In 1863 also the Scientific Form was remodelled to suit boys intending to become doctors or engineers, the former studying mechanics, physics, chemistry, botany and zoology, the latter mechanism, physics, mineralogy, geology and the theory of the steam engine; but its numbers dwindled from 15 to 7, and some even of these seem to have regarded it as a “soft option.” Possibly the subject suffered also from the fact that after 1865 the teaching was done by a visiting master. The Headmaster however was anxious that all boys should undergo some training in scientific method, and in 1864 reported that he had made arrangements whereby all boys in Forms ii and iii should receive a year's instruction in botany and in Form iv a year's course in chemistry, and in 1868 he stated that in Forms ii and iii object lessons on machines and the properties of matter had been introduced. In 1867 an incentive was given to the study of science by the gift of £200 by Mr. Nathaniel Sharpe (O.L.), long Receiver to the Pious Use Trust, to provide two prizes of books—

“One moiety of the interest of the above sum to be given to the pupil attending the regular scientific course who shall pass the best examination in two branches at least of natural or mechanical science, of which chemistry shall be one. The other moiety to be divided into two prizes open to boys in the Upper and Lower Departments respectively, who, not having attended the regular scientific course, shall pass the best examination in any two subjects of natural or mechanical science. Should there be no pupil to take up the subject the Trustees with the Headmaster to appoint the prizes. No boy to receive the same prize twice.”

The conditions have from time to time been modified, owing to changes in the work of the School.

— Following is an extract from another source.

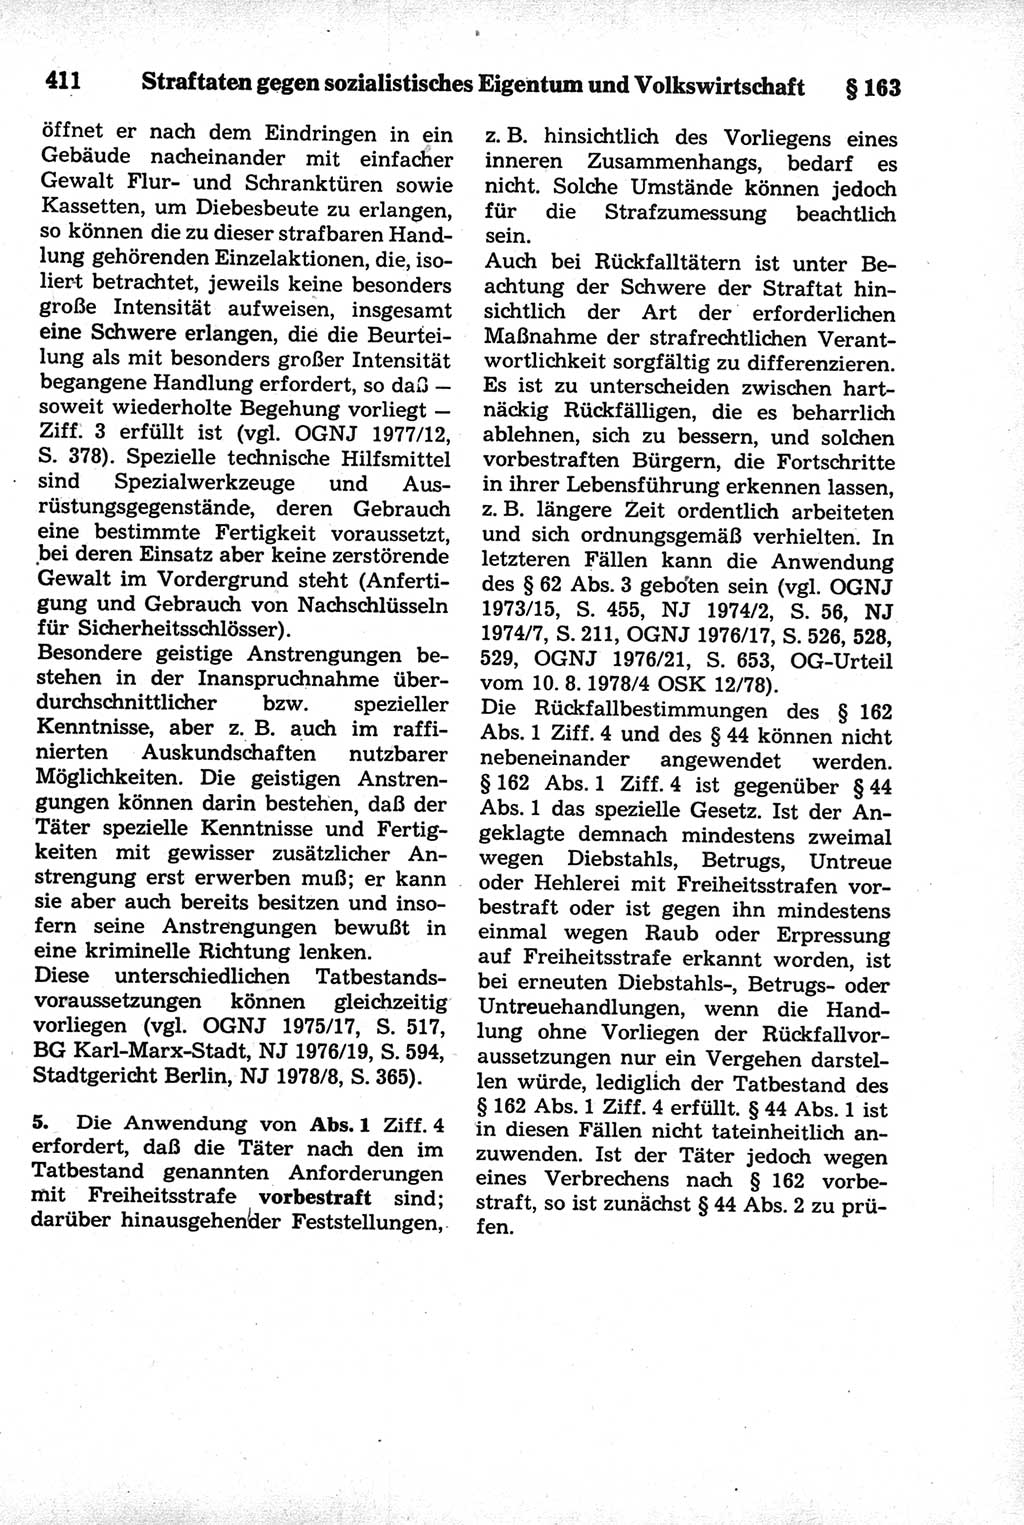 Strafrecht der Deutschen Demokratischen Republik (DDR), Kommentar zum Strafgesetzbuch (StGB) 1981, Seite 411 (Strafr. DDR Komm. StGB 1981, S. 411)

In 1868 and 1870 four prizes were given, in 1869 and 1871 two. Since 1872 the Calendar merely states that they are “for the various divisions of the scientific course,” and from 1902 one prize has been given for mathematics.


IN 1868 the position of the School was much strengthened by the favourable notice it received from external sources.

In July the Headmaster reported that it had been visited by a commission appointed by the French Government to investigate secondary education in England, and that the Commissioners spoke very highly of the way in which the School was satisfying existing requirements and at the same time respecting the will of the Founder. Much more important however was the report of Mr. J. G. Fitch, who visited the West Riding in connexion with the Schools Inquiry Commission in England.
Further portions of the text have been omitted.